I'll help you tear this old house apart until you find one.
But I
am betting the farm that for every parishioner tearing up
floorboards looking for the flaw, there are ten others heading
for the roof, looking for the future. Which is why we are
going to do something radically different right now. I am
going to stop the sermon for a few brief moments and we are
going to do a little exercise together. Bob Stoner (and his
crew of helpers) are going to pass out bricks ... unconstructed
bricks ... cardboard bricks ... .creased and ready for assembling.
And once you get one in your hand, I'm going to encourage
you to fold it. Should you need help, people in the aisles
are going to help you. Or maybe you are going to reach over
and help each other (which sounds like a properly "churchy"

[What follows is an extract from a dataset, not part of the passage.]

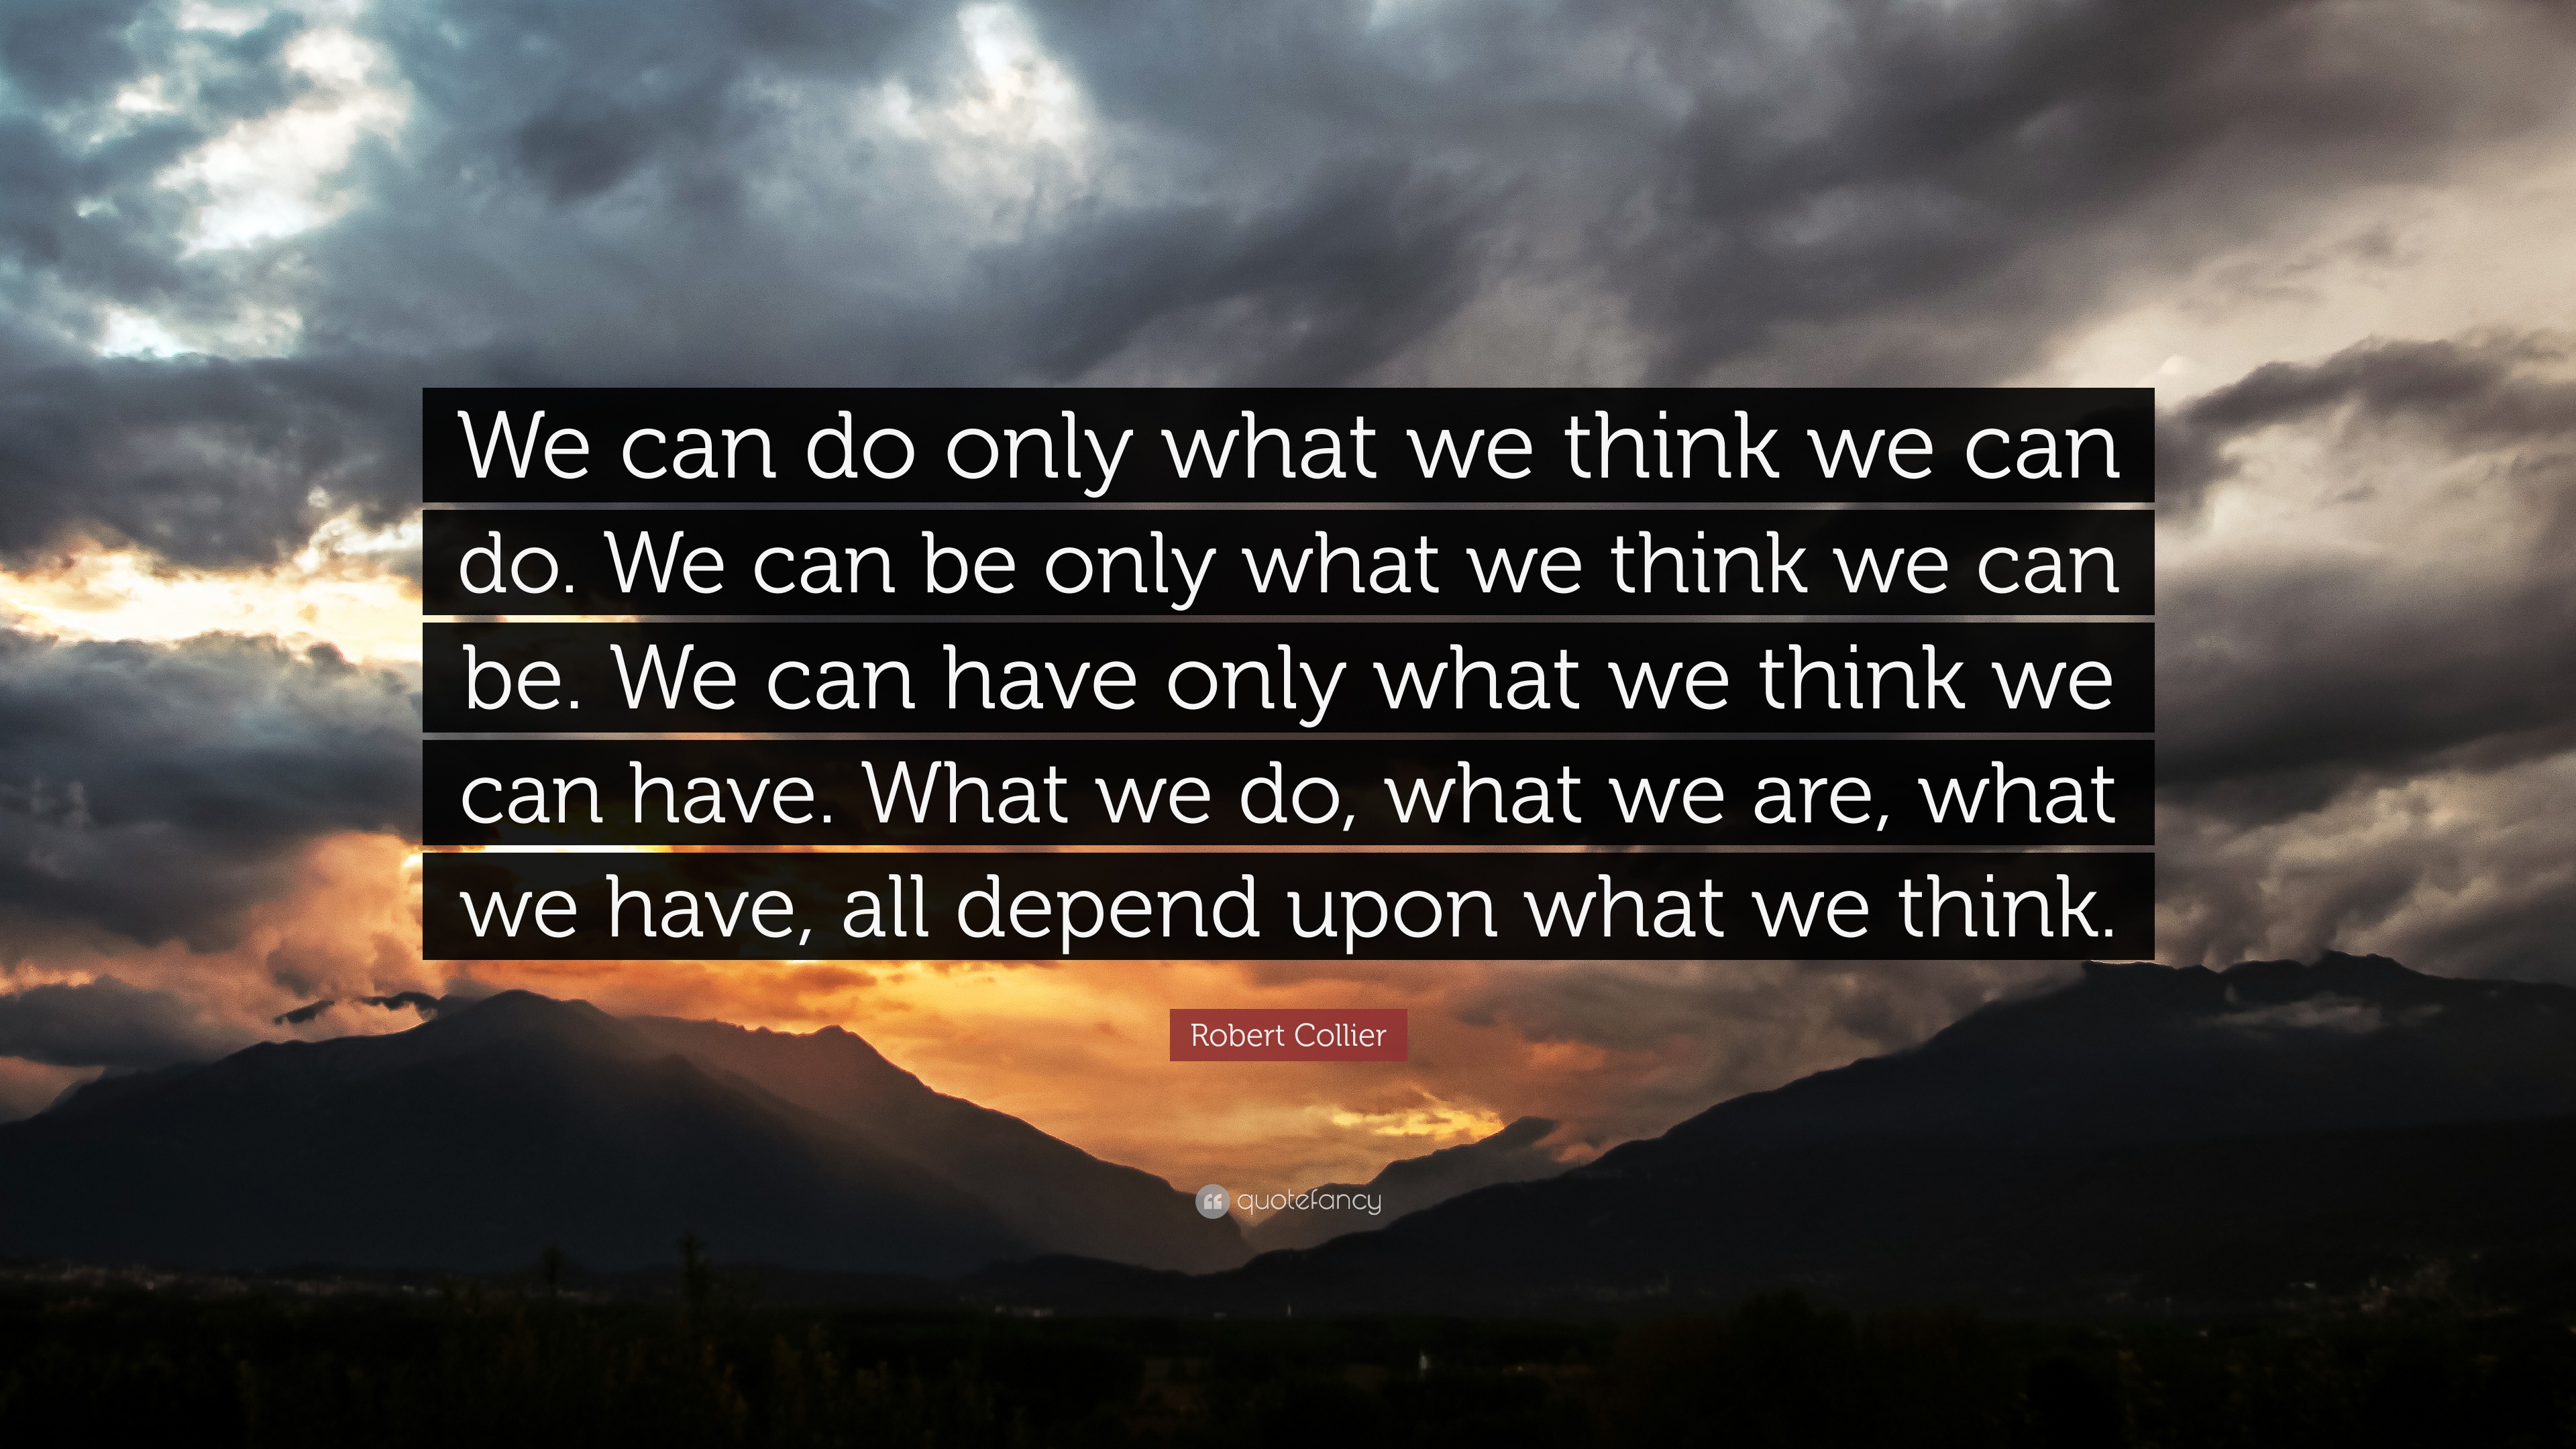 https://quotefancy.com/media/wallpaper/3840x2160/2441798-Robert-Collier-Quote-We-can-do-only-what-we-think-we-can-do-We-can.jpg
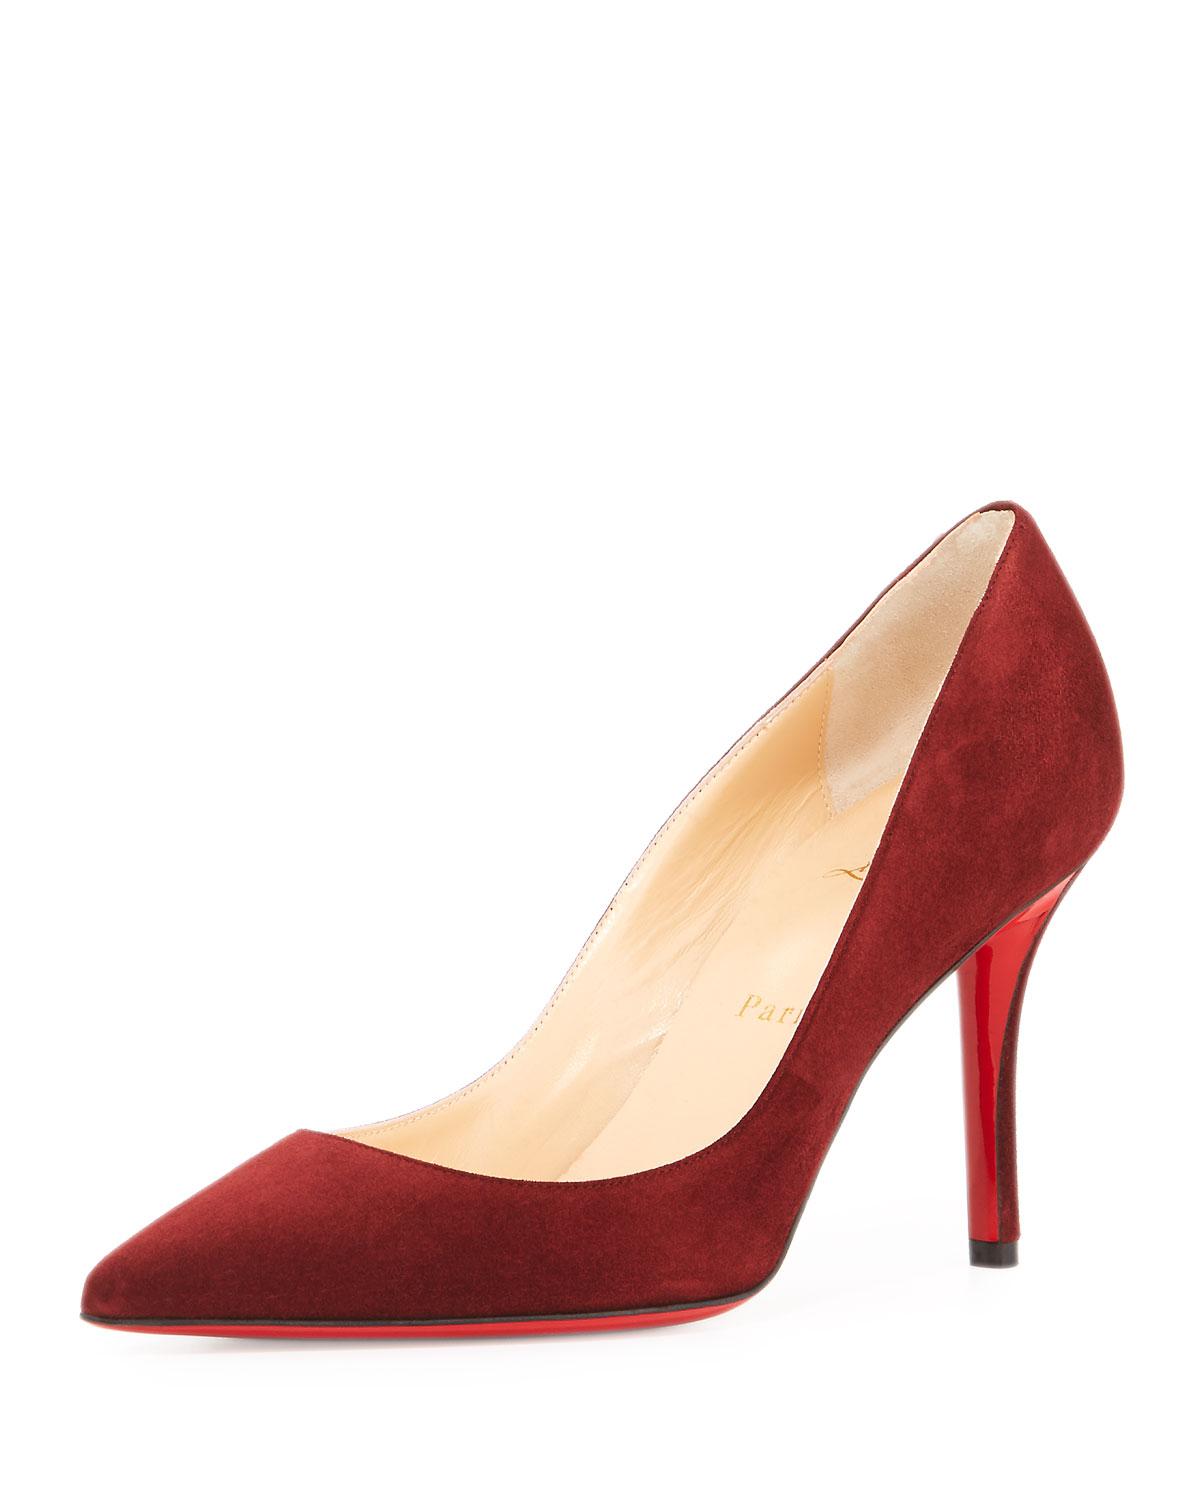 Christian Louboutin Apostrophy Suede 85mm Red Sole Pump - Lyst

thing to do). And, while putting your brick together, I'm
going to encourage you to take note of the words printed on
the facing of the brick ... words like "trust,"
"faith," "belief," "relationships,"
"mission" (those sorts of words). Then, in a minute
or two, I'm going to tell one final story ... we're going
to sing a hymn ... and then you're going to take your brick
home as a reminder of all that we're trying to build ... and
all that you're helping to build.
*
* * * *
In this
day and age, there is a rapidly shrinking middle ground. You
are either wise or foolish ... missionaries or mission fields
... parts of the solution or parts of the problem...actively
engaged in a ministry of "building things up," or
participants in the systems by which things are being trashed
and dismantled.
Which
brings me to this small slice of dialogue from John Steinbeck's
play, "The Short Reign of Pippen IV." The king comes
in disguise to the little French town of Gambais where he
notices (as he nears the castle) that a bust of Pan has been
removed from its pedestal and thrown into the moat. Pippen
asks an old man: "How did it get in the moat?"
"Oh,"
says the man, "someone pushed him in. They always do.
Sometimes two or three times a year."
"But
why?" asks the king.
"Who
knows?" says the old man. "There's people who push
things in the moat. Pretty hard work, too. There's just people
who push things in the moat."
After
watching for awhile, the king asks gently: "Are you the
owner of this property?"
"No,"
says the old man, "I just live here abouts."
"Then
why do you pull them out?" asks the king.
"Don't
rightly know," says the old man. "I guess there's
people that pull things out, that's what they do. I guess
that's how things get done."
Some people
push things in. Other people pull things out. In a world filled
with the former, don't you think God deserves a church, peopled
with the latter?
Note:
This sermon owes its theme to First Church's stewardship campaign
entitled "What Will You Build?" The wolf-friendly
version of the Three Little Pigs story comes from a satire
entitled "The True Story of the Three Little Pigs"
by A. Wolf (as told to Jon Scieszka, illustrated by Lane Smith).
The quote from John Steinbeck's play first surfaced in a book
by Ernest Campbell entitled The Christian Manifesto.
Let the
record further show that the ushers passed out unconstructed
bricks (as noted in the sermon) and the congregation proceeded
to put them together with great relish and enthusiasm.